* **Required action**
Word for word, copy the records and drop the pictures.

--- START ---

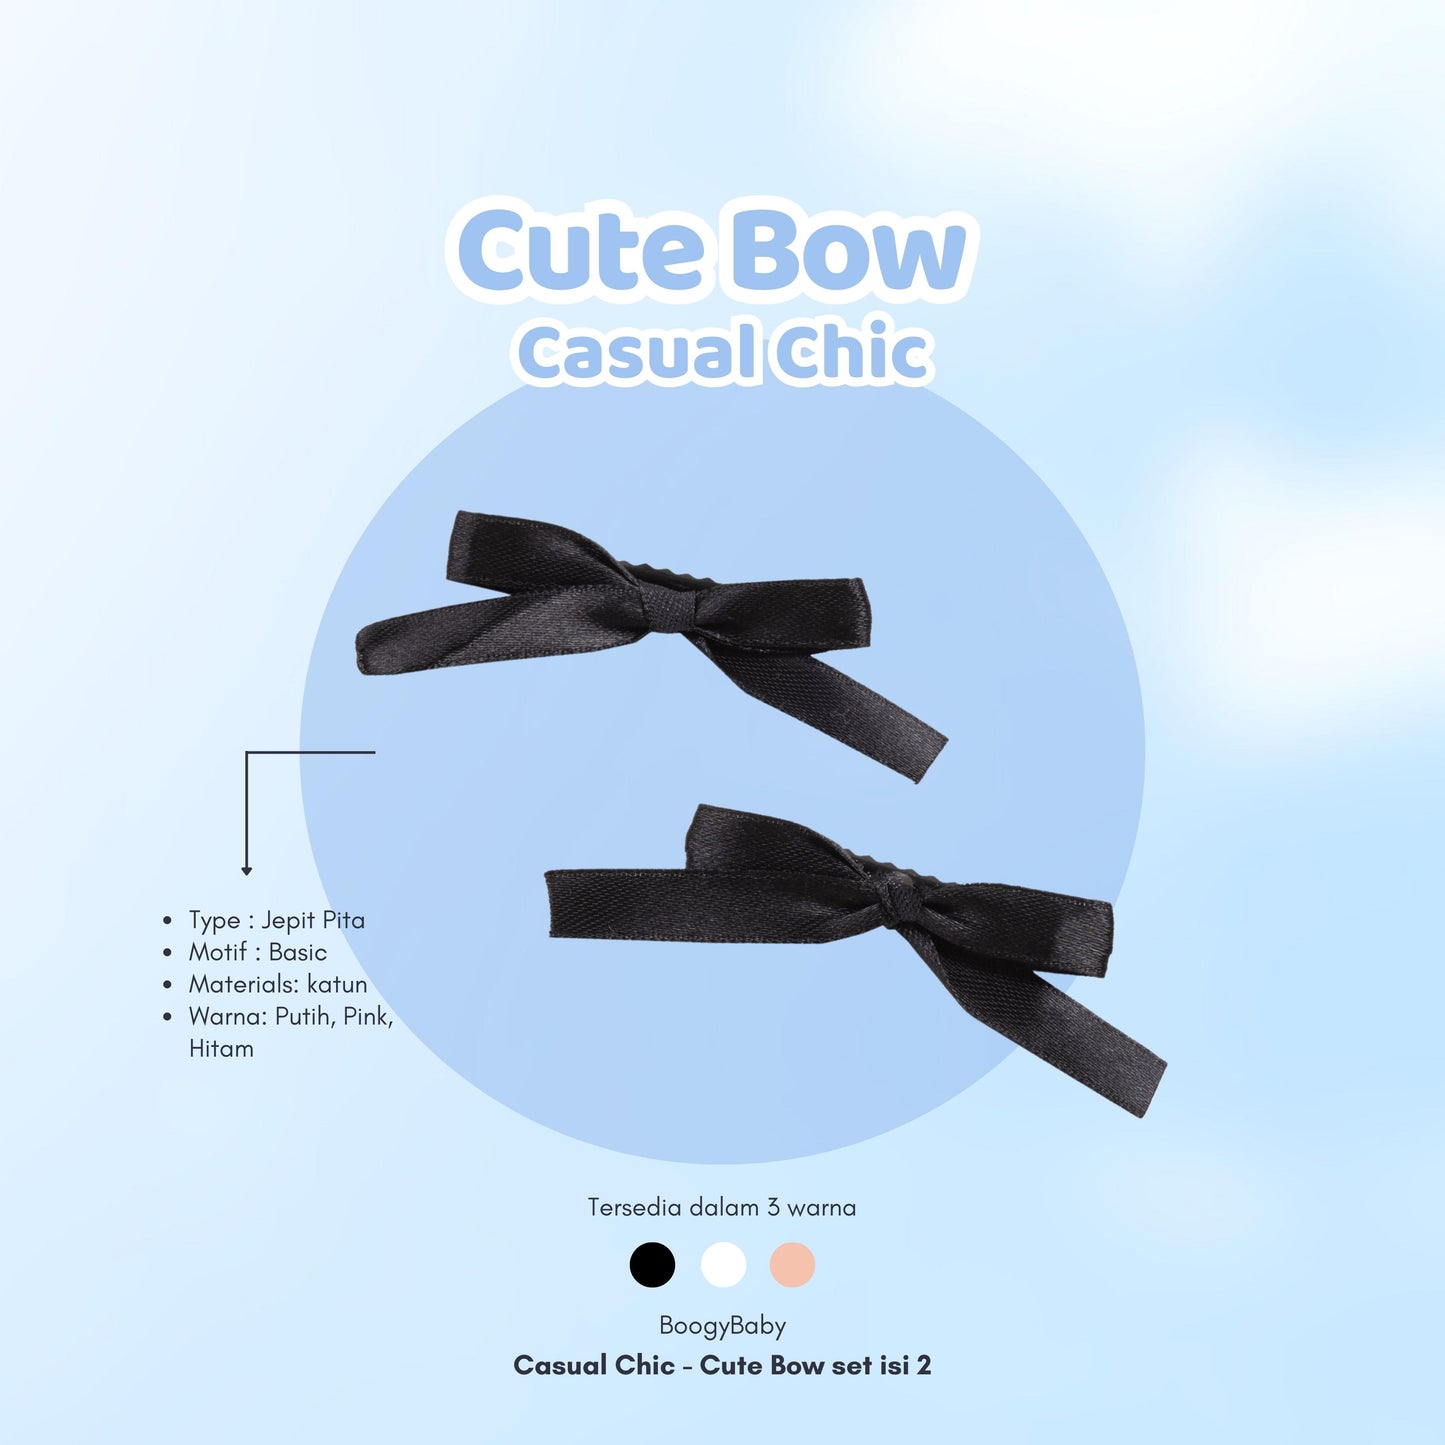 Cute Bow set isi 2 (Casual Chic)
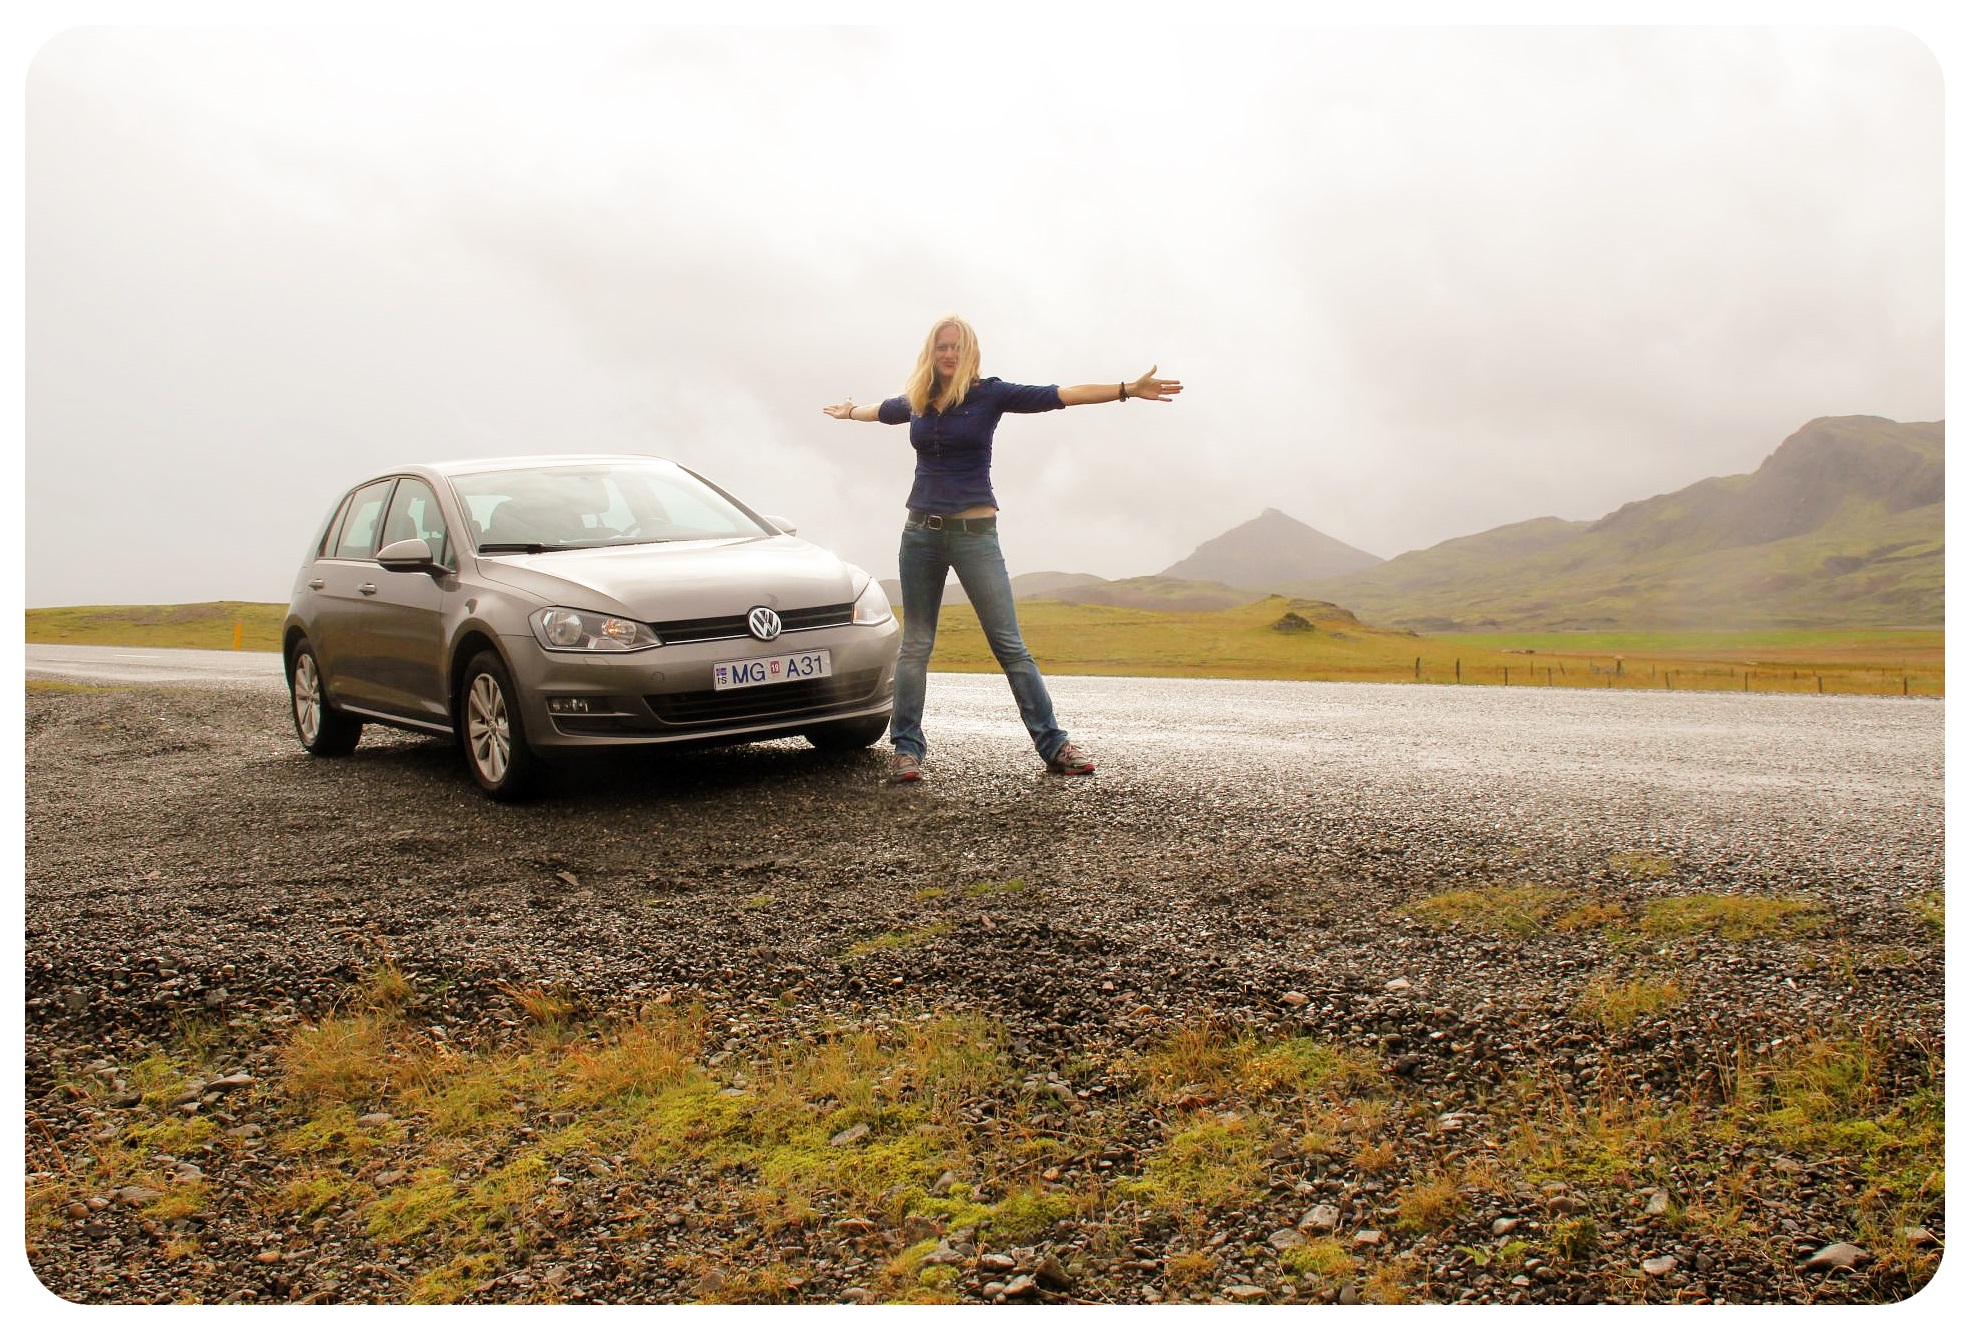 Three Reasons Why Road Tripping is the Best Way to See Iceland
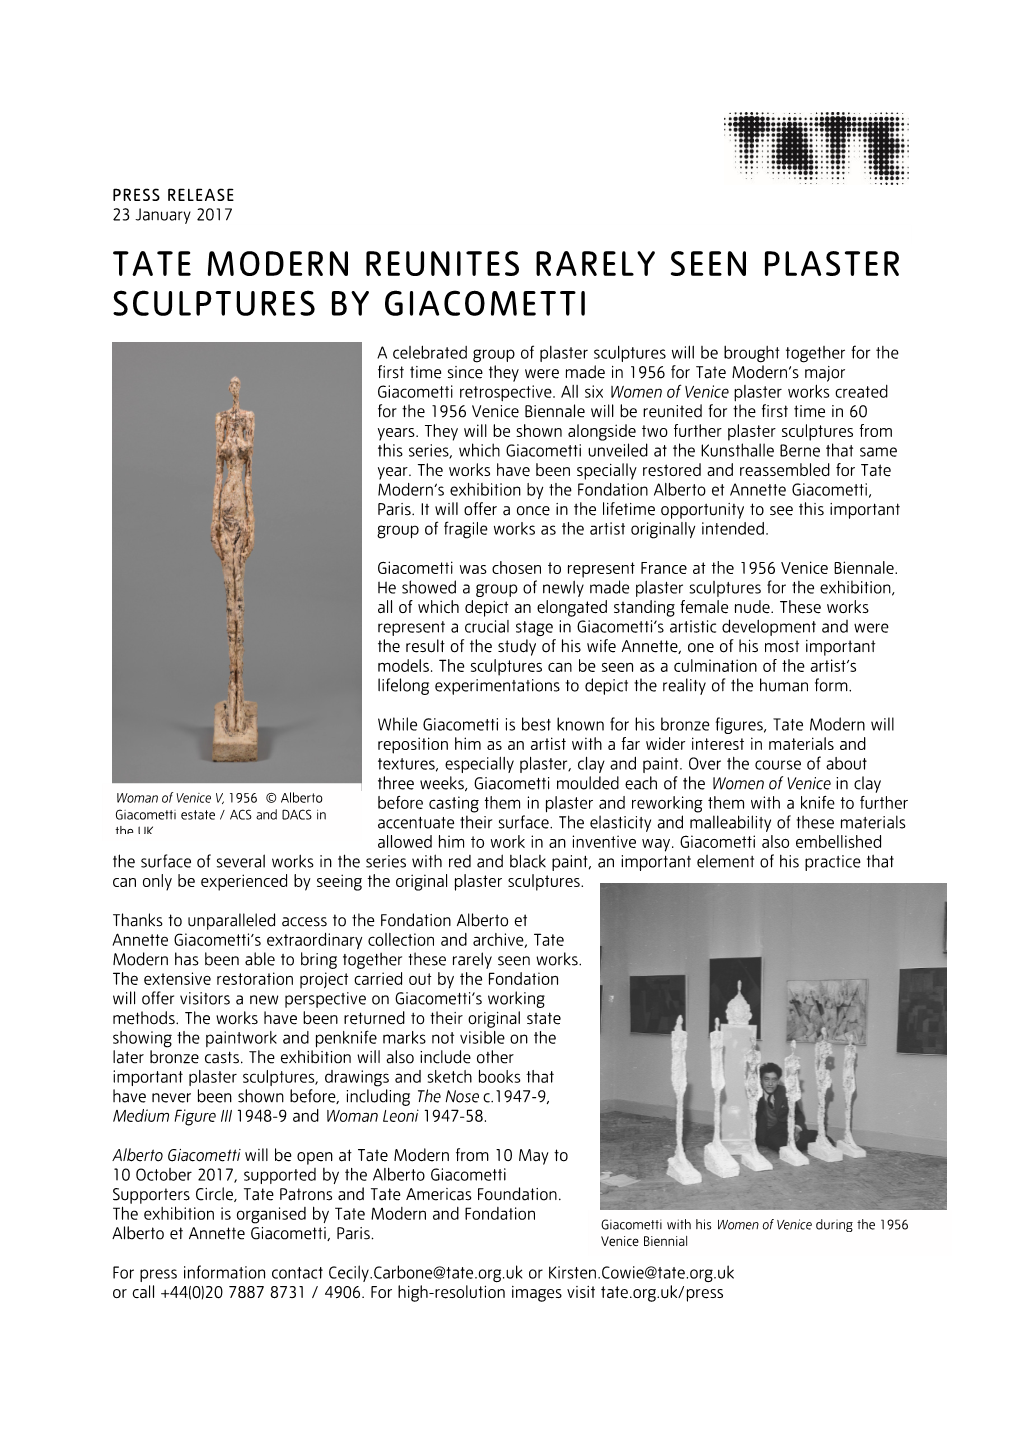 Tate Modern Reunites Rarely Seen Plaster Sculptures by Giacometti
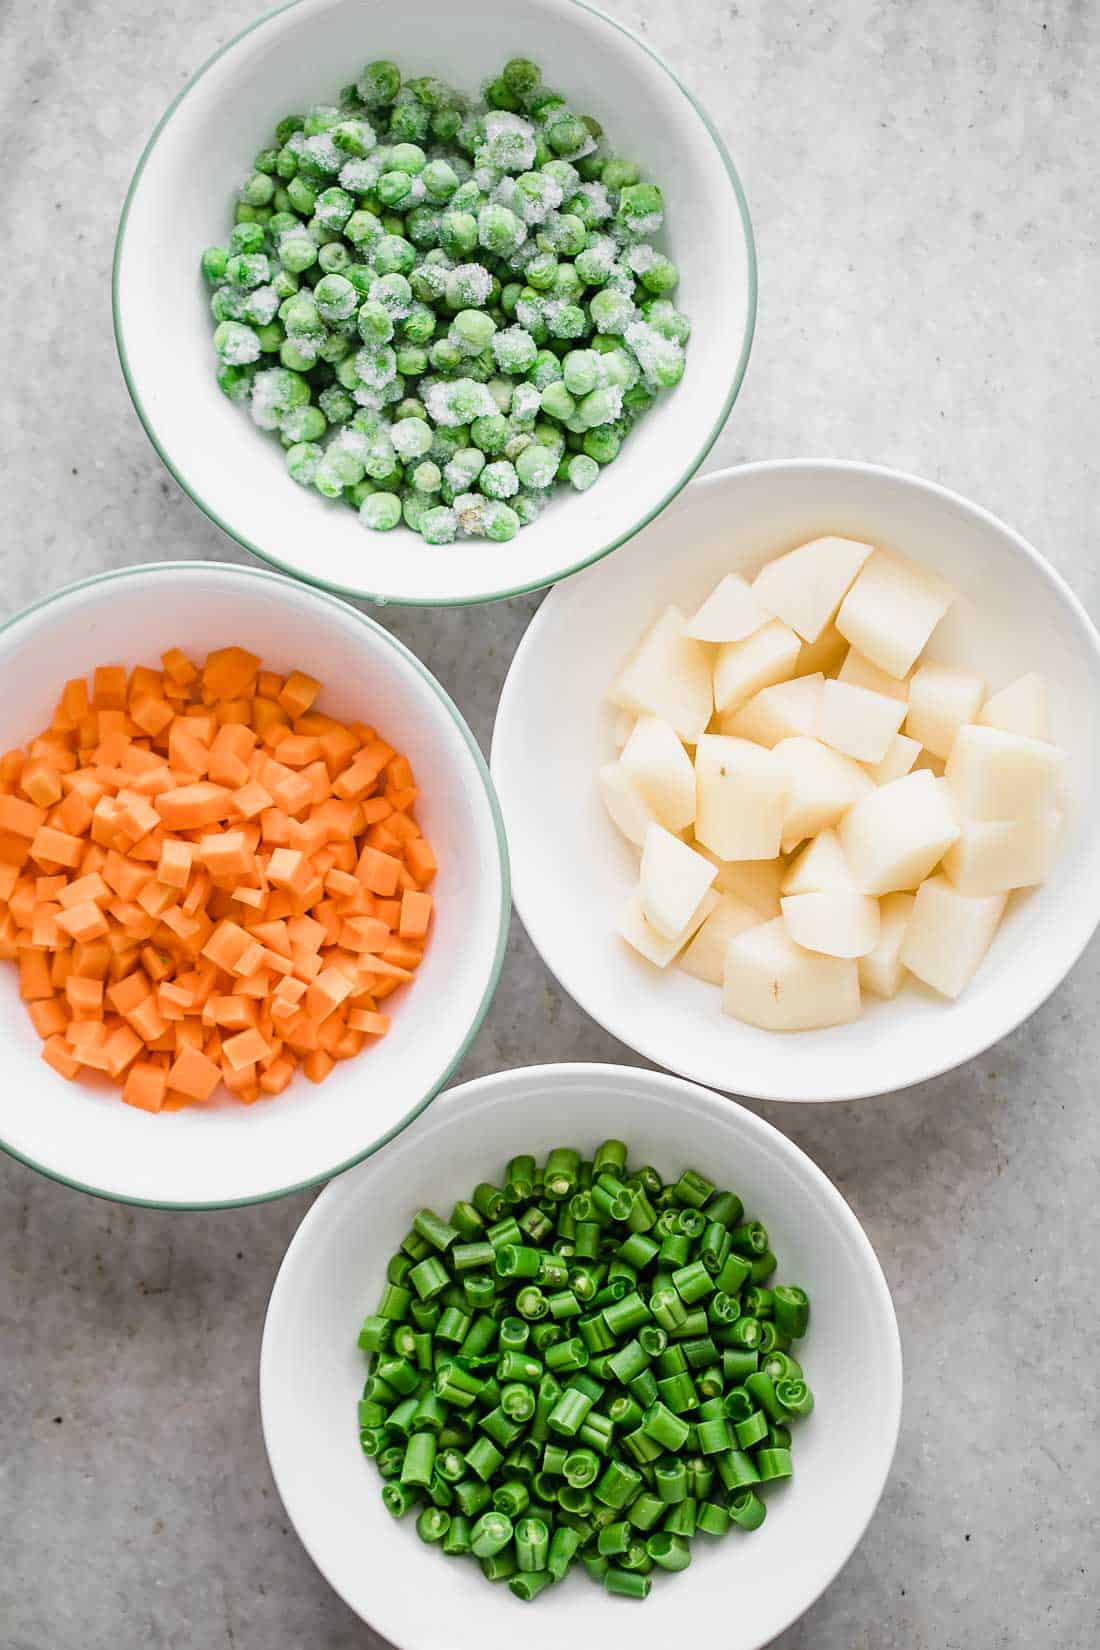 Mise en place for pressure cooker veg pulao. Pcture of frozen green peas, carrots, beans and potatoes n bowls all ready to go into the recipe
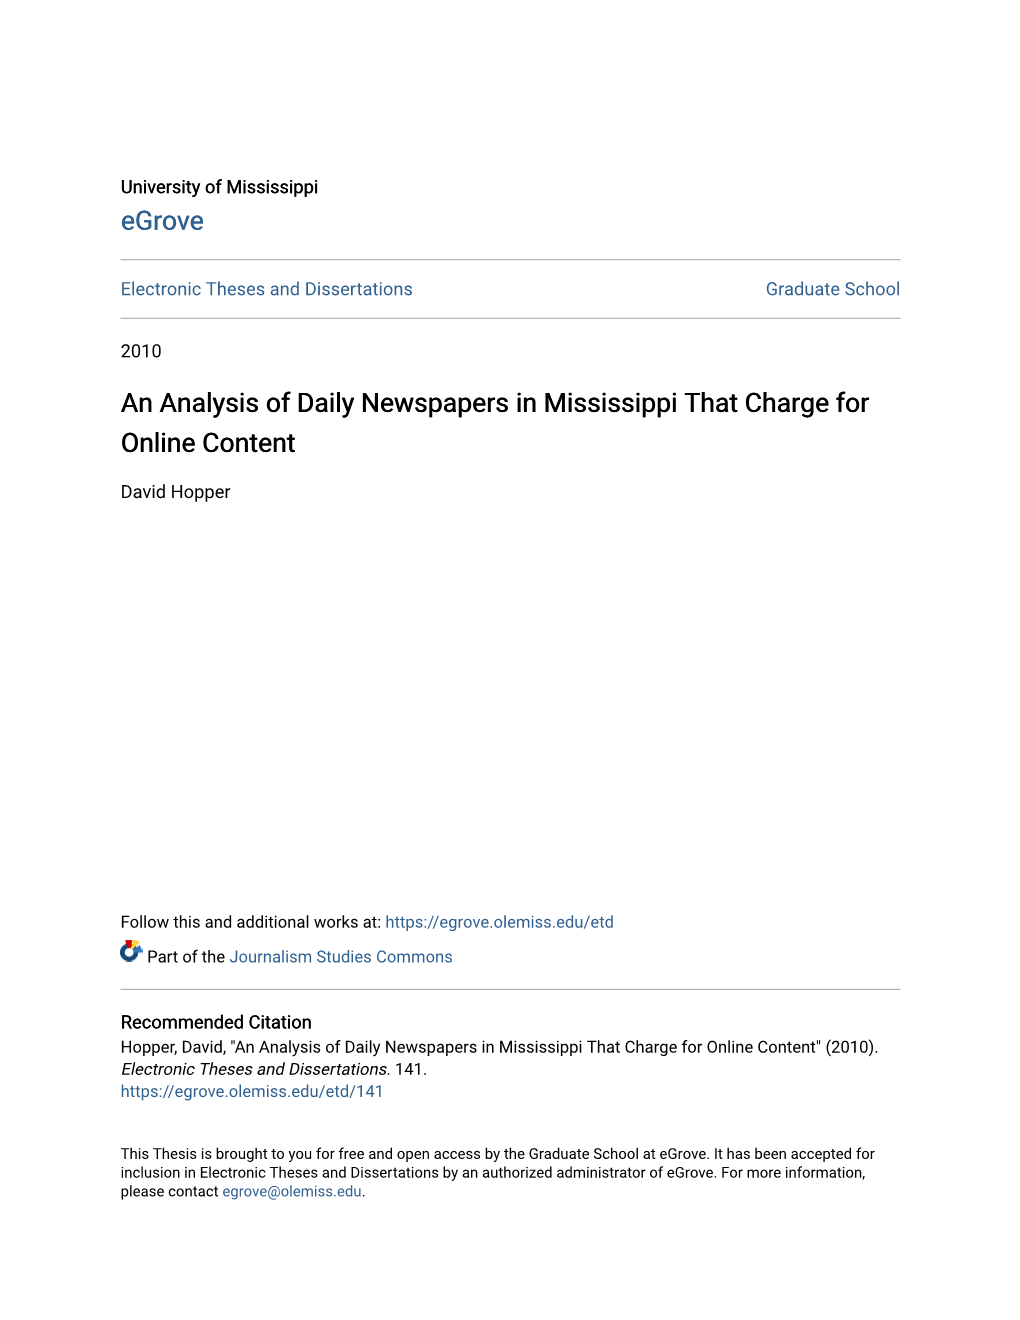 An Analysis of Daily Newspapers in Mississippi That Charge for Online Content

--- END ---

* **Response to the task**
 Cute Bow set isi 2 (Casual Chic)
 Three Reasons Why Road Tripping is the Best Way to See Iceland
 Tate Modern Reunites Rarely Seen Plaster Sculptures by Giacometti
 Mise en place for pressure cooker veg pulao. Pcture of frozen green peas, carrots, beans and potatoes n bowls all ready to go into the recipe
 An Analysis of Daily Newspapers in Mississippi That Charge for Online Content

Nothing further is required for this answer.